She who laughs last…

Comedian Celeste Ntuli during the shooting of the Prime Video LOLZA. SUPPLIED

Comedian Celeste Ntuli during the shooting of the Prime Video LOLZA. SUPPLIED

Published Feb 11, 2024


Durban — Seasoned comedian and actress Celeste Ntuli means business and does not crack, apart from cracking people up.

That will be tested as she will be a part of brand new Prime Video show LOLZA: Last One Laughing South Africa hosted by Trevor Noah, and she will battle against nine other comedy stars for a grand prize of R1 million for a South African charity of their choice.

The Independent on Saturday caught up with Ntuli to discuss her strategy and find out what challenges she faced as a woman comedian. She said she was used to working among men and her work was not tied to her gender.

“I don’t look at myself as a woman on stage but as a comedian. I’m a comedian, just like my fellow male comedians would just call themselves comedians. Comedy does not involve any physical lifting but it is a mental gymnastics game,” she said.

Ntuli, who is originally from Empangeni in KwaZulu-Natal, encouraged aspiring women comedians to “just be funny” because that is what has helped her gain respect from other comedians.

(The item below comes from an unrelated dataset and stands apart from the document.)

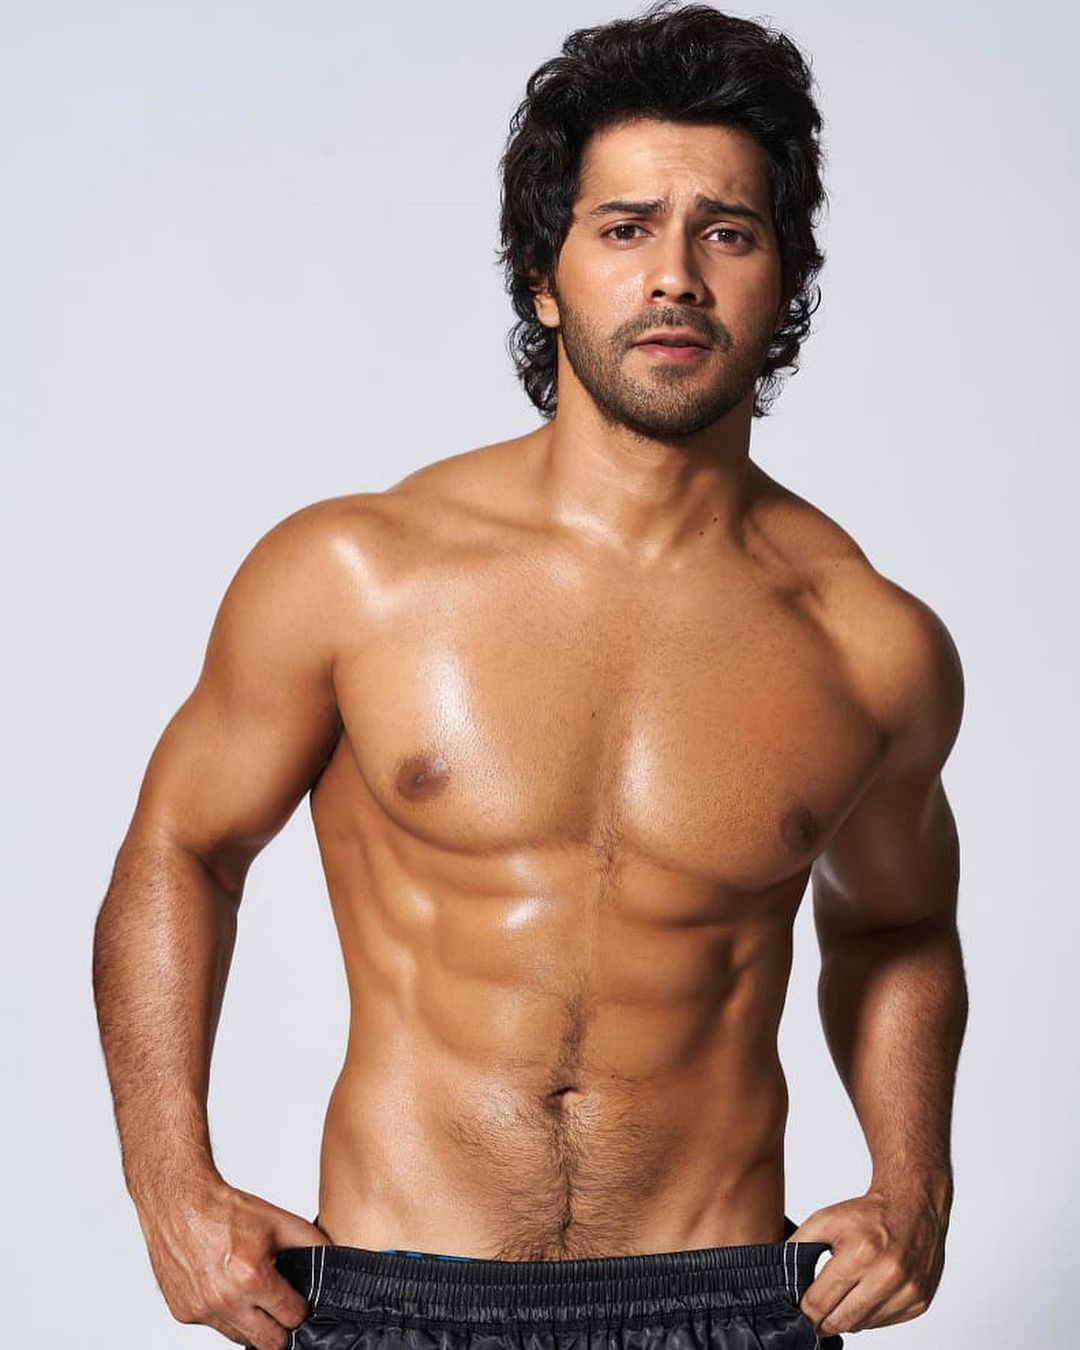 Varun Dhawan looks hot displaying his toned torso

“The fact that I am a woman is the last thing on their mind. I love to hear that other comedians are not afraid to ‘go after’ me. That shows me they can see me and appreciate my craft by not treating me differently. I know that when I’m headlining it is not because I am female but because I am good at this,” she said.

“There are not many female comedians simply because most women do not find being a comedian sexy. It is not because they are blocked from entering the industry – comedy is an individual sport. Also, most women are not attracted to becoming comedians because it is hard to find love as a comedian,” she said.

She said sometimes a woman comedian faced public scrutiny with questions such as “what does your partner say about you telling jokes for a living?

“It is a societal issue that goes back centuries. We are yet to fully understand and accept that women can be anything they want to be just as they used to be before colonisation. Being a wife or chosen to be a partner still stands at a higher hierarchy than a career for most people,” she said.

She said being chosen to be part of the show was exciting because she had never been in a reality show and it was shot right after the Covid-19 restrictions were lifted and she was reunited with her colleagues.

“Working with Trevor Noah was also great because of his amazing work. Being a part of his show was my ‘I made it’ moment,” said Ntuli.

She said her strategy for the show was to go in and make people laugh and find the funniest side of herself and stick with it.

Ntuli is working on her book, podcast and a line-up of shows in Durban, Cape Town and Johannesburg.

The 30-minute, six-part series is set to launch on Prime Video this year.